Exercise aim: The whole listing needs to be written out exactly, except for any images.

Data below:
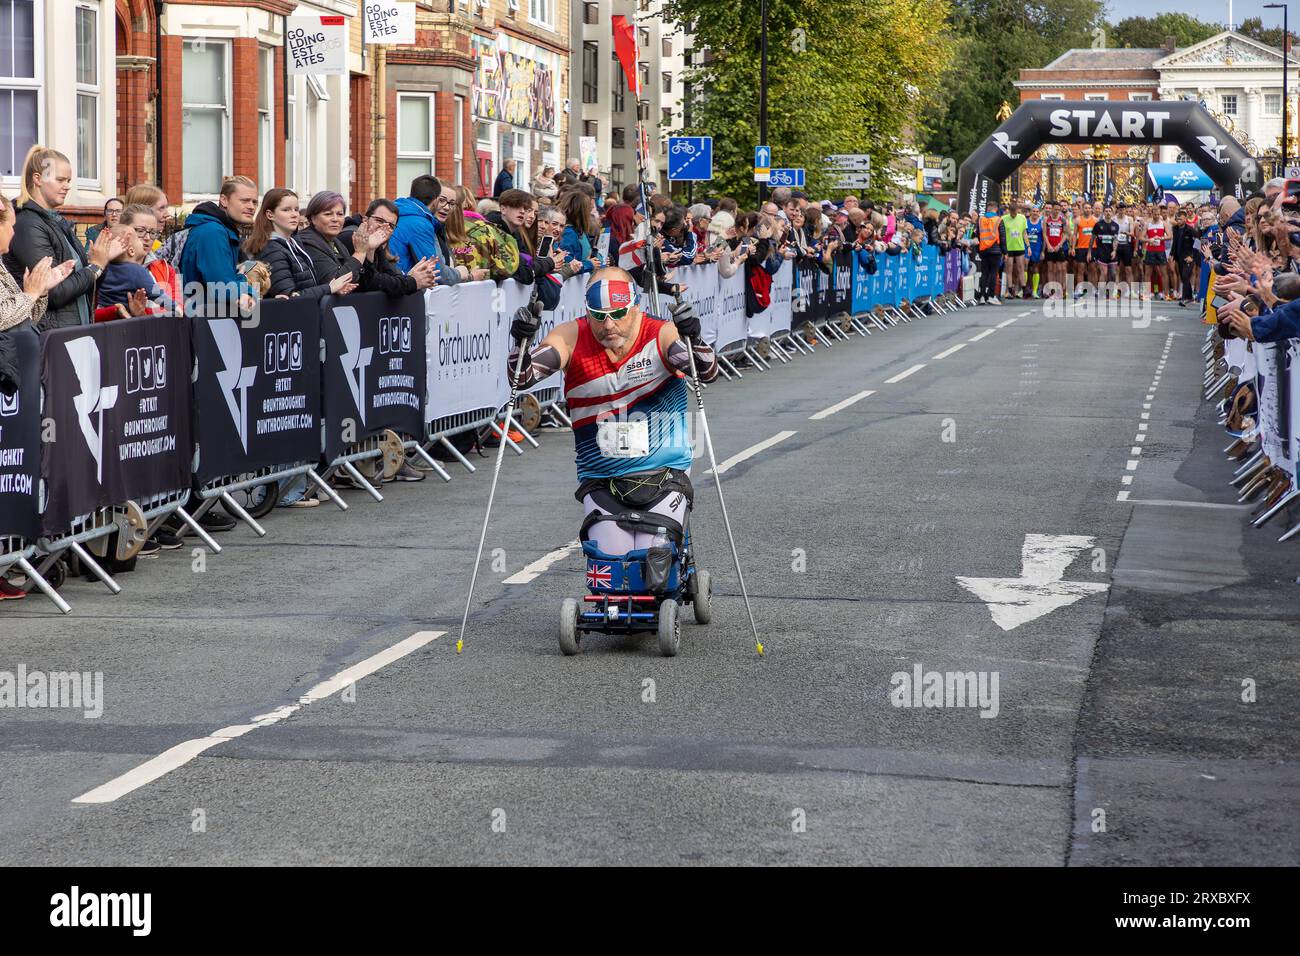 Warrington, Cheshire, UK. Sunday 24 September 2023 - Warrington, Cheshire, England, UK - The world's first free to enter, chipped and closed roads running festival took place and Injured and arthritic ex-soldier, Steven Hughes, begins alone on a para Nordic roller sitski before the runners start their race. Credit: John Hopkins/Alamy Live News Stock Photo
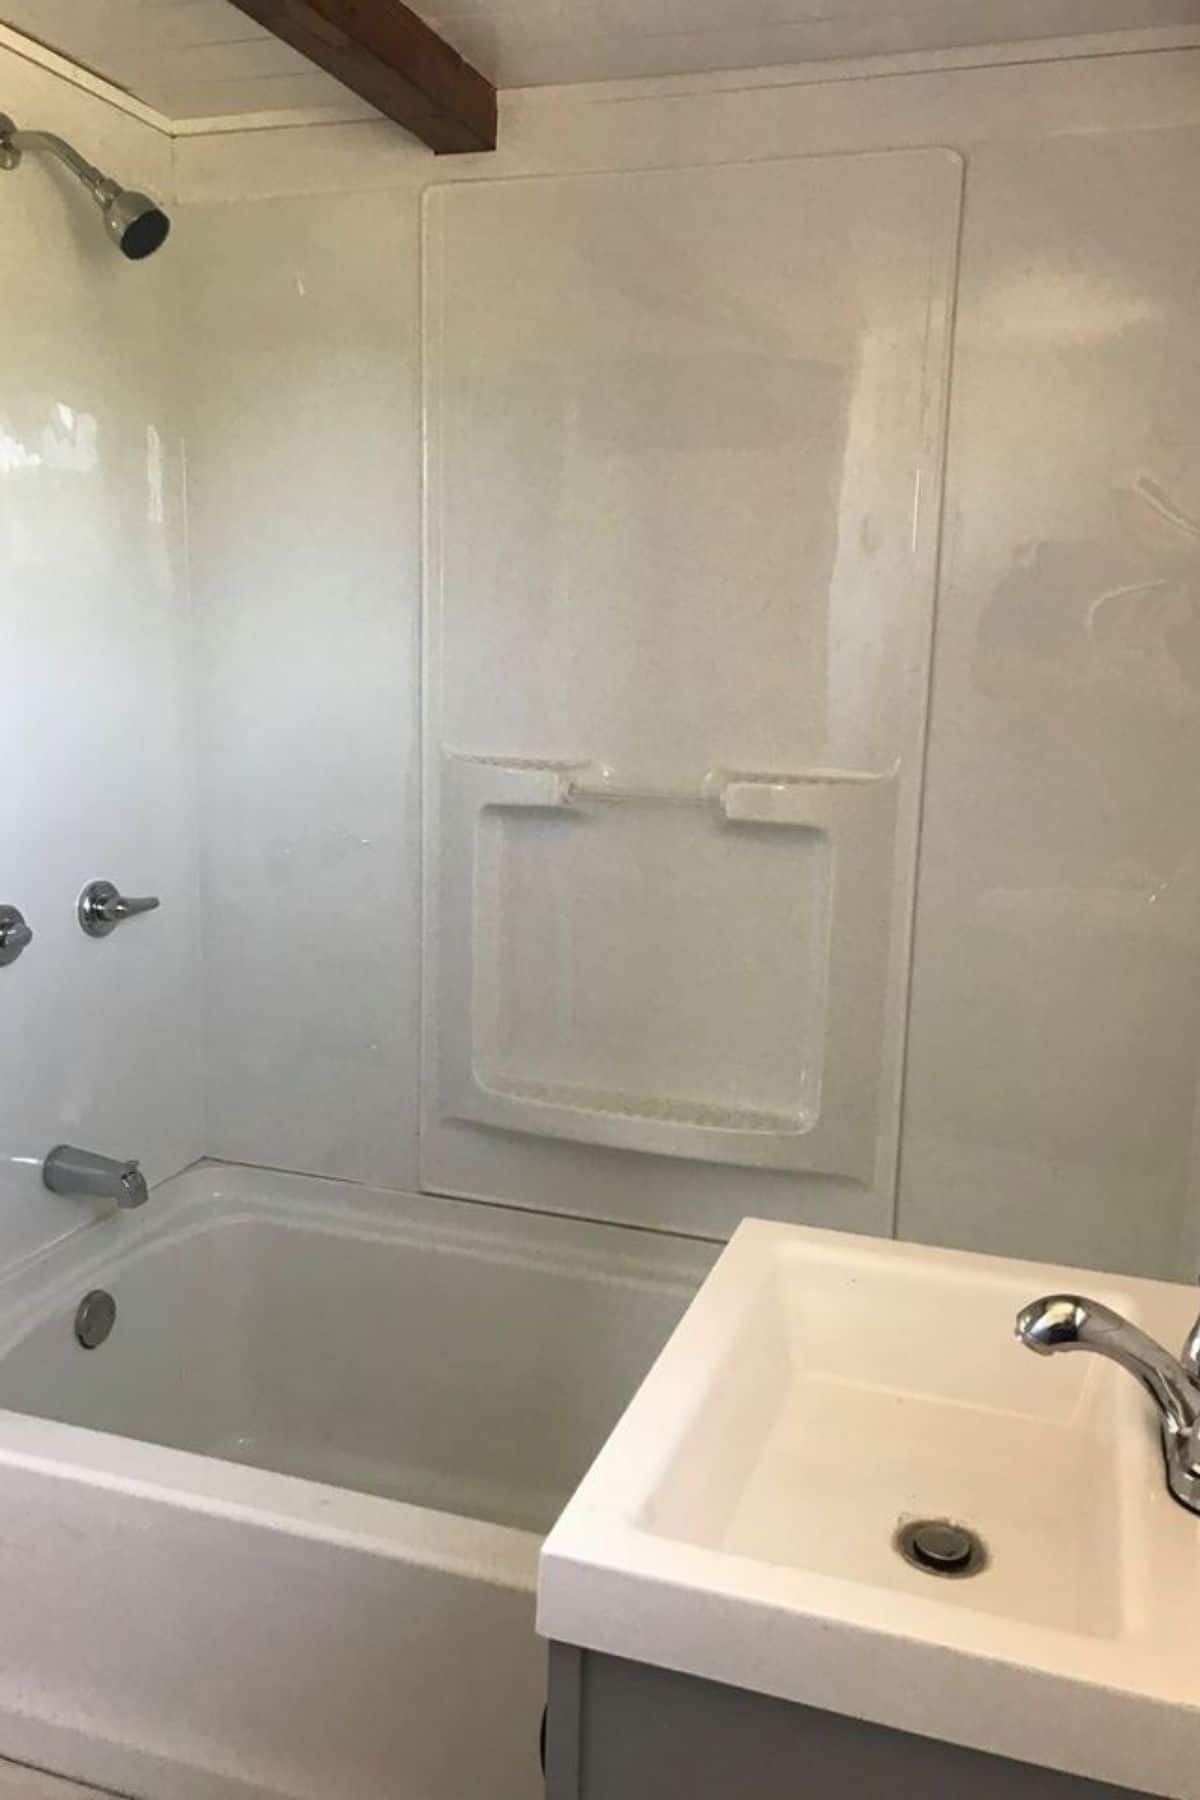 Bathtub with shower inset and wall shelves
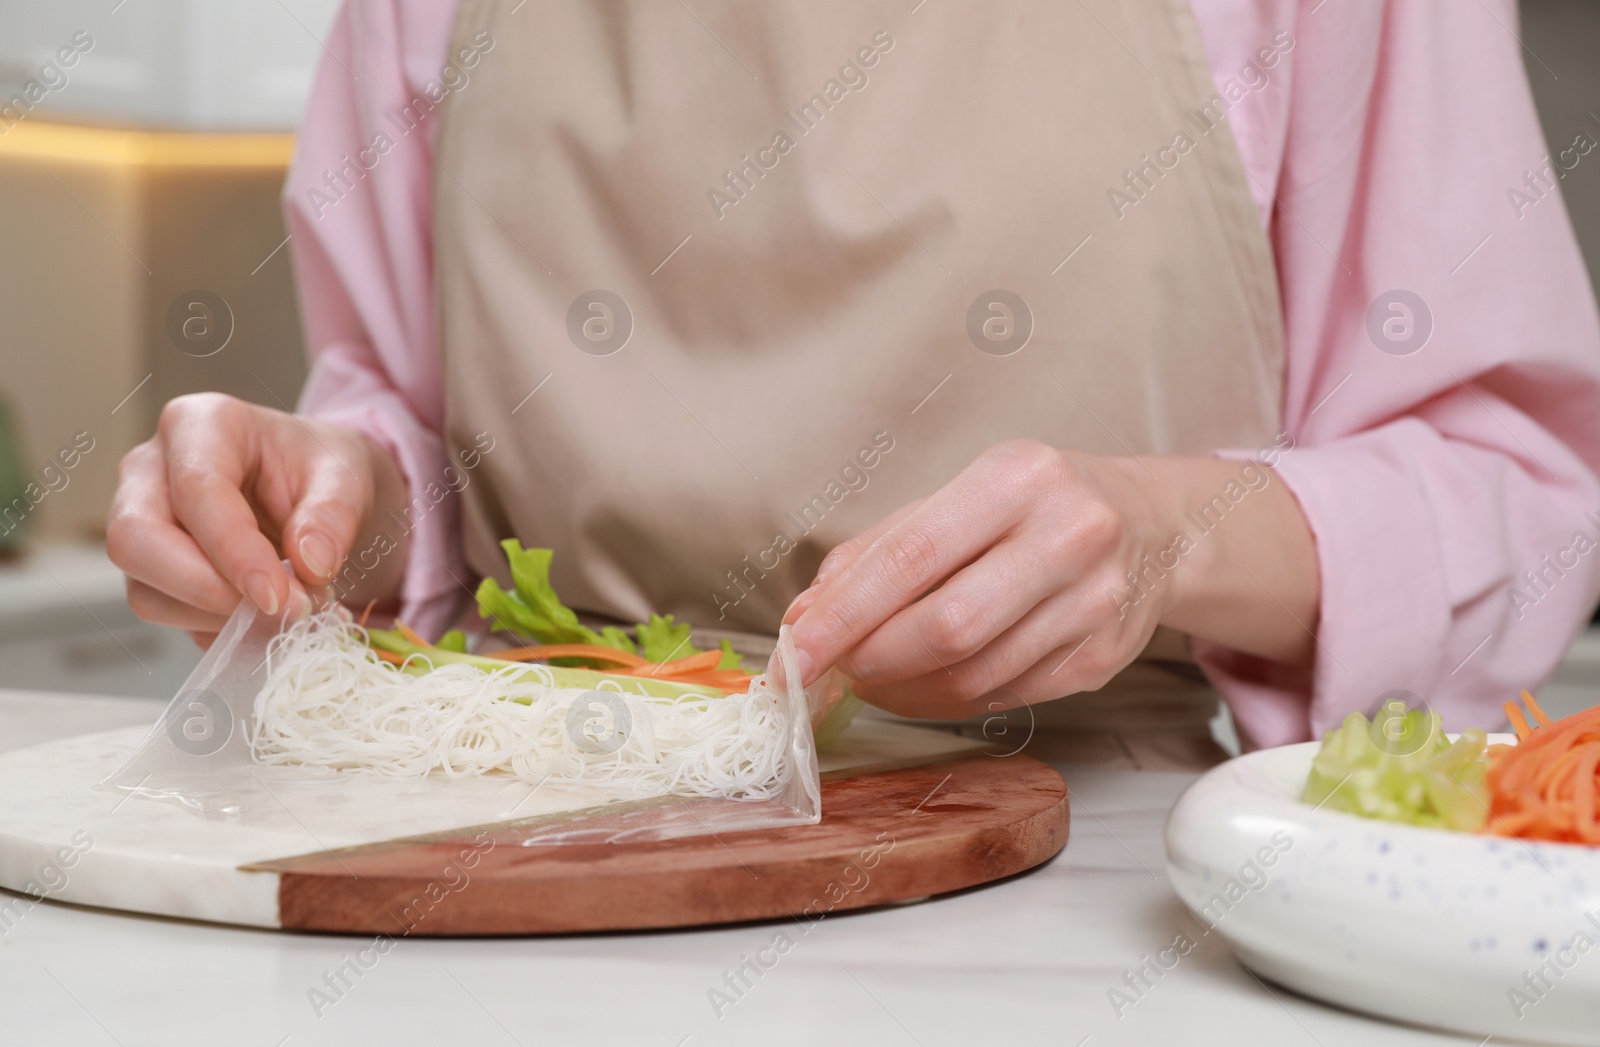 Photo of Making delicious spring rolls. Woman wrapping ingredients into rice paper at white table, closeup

Exercise output:
 Warrington, Cheshire, UK. Sunday 24 September 2023 - Warrington, Cheshire, England, UK - The world's first free to enter, chipped and closed roads running festival took place and Injured and arthritic ex-soldier, Steven Hughes, begins alone on a para Nordic roller sitski before the runners start their race. Credit: John Hopkins/Alamy Live News Stock Photo
 Bathtub with shower inset and wall shelves
 Photo of Making delicious spring rolls. Woman wrapping ingredients into rice paper at white table, closeup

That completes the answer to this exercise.